Test 2 Questions Flashcards
Let A be a nonempty set, and let f : A -> {0, 1} be a continuous, surjective function. (That is, there are points a ∈ A with f(a) = 0 and there are points b ∈ A
with f(b) = 1) Show that A is a disconnected set.
Define F as elements of A where f(x) = 0
The same for G where f(x) = 1
Clearly F∩G is empty and FUG = A
Let y be a limit point of F, then there is a sequence with (yn) -> y
Since f is continuous, f(yn) -> f(y), but since f(yn) = 0, f(y) = 0, and y ∈ F, f MUST be closed. Similarly G is closed
Thus F closure = F and the same for G, thus if F∩G is empty then they are separated, thus FUG represents a disconnected set, which is A.
Let f : R -> R be continuous and let A = {x ∈ R : f(x)=0} Show that A is a closed
set.
Let y be a limit point of A, then there is a sequence yn with (yn) -> y. Since F is continuous, f(yn) -> f(y). Since both are zero, y must be in A, hence A is closed
Let h(x) = 1/x^2
Show that h(x) is not uniformly continuous on (0,1)
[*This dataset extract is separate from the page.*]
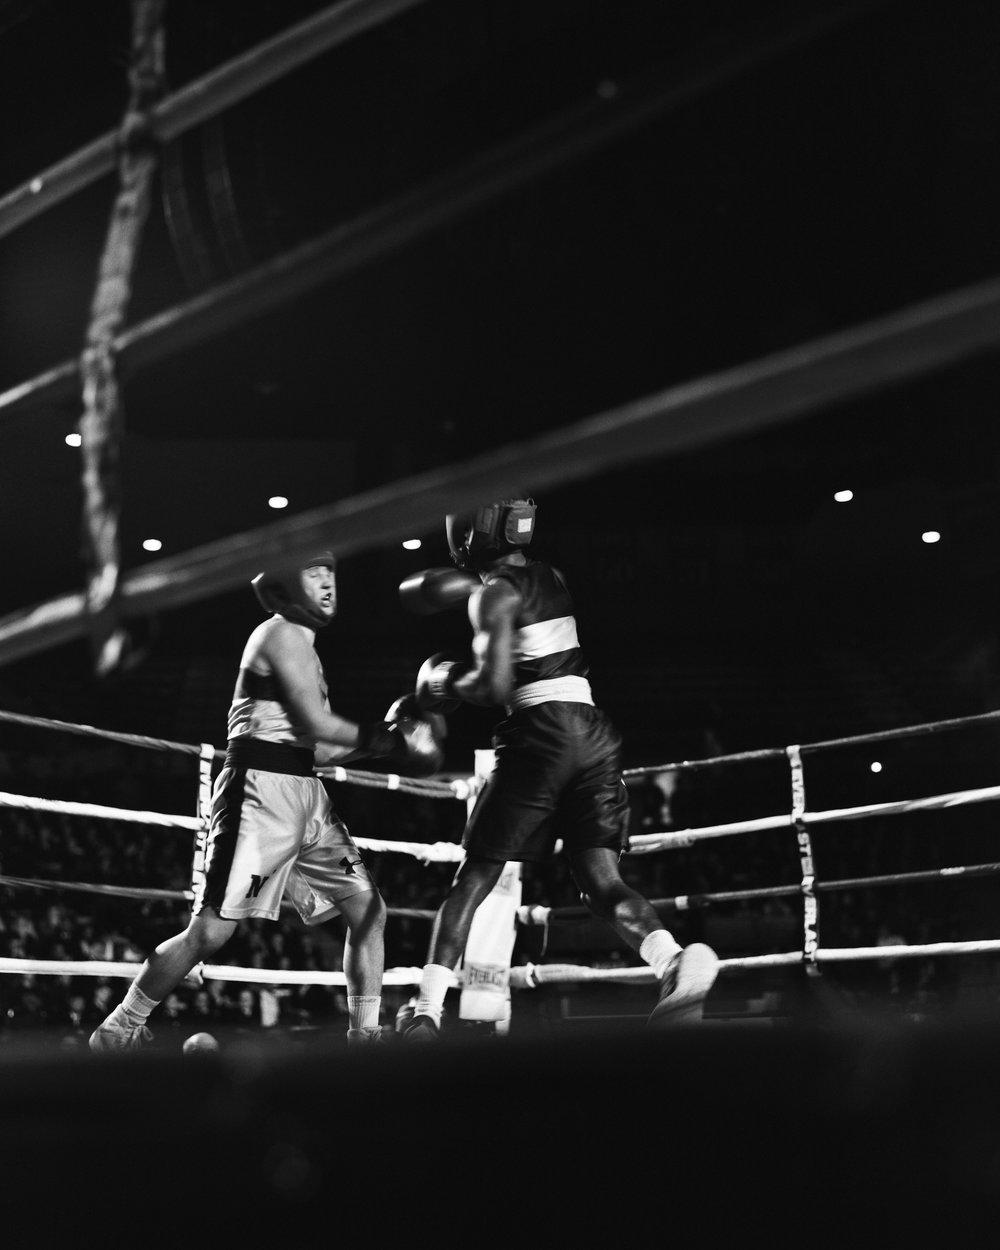 Boxing-12.jpg

Let xn = 1/x and yn = 1/x^2
We can use these because (xn) (yn) -> 0
Thus (xn - yn) -> 0
However, |h(xn) - h(yn)| = n^2|n^2 - 1|
If n >= 2, n^2 >= 4 and n^2 - 1 >= 3
Thus |h(xn) - h(yn)| >= 3n^2 which approaches infinity as n does, thus n is not uniformly continuous
The complement of a connected open set is perfect.
True
If f : (0, 1) ∈ R is continuous and {xn} ⇢ (0, 1) is Cauchy,
then {f(xn)} is Cauchy.
False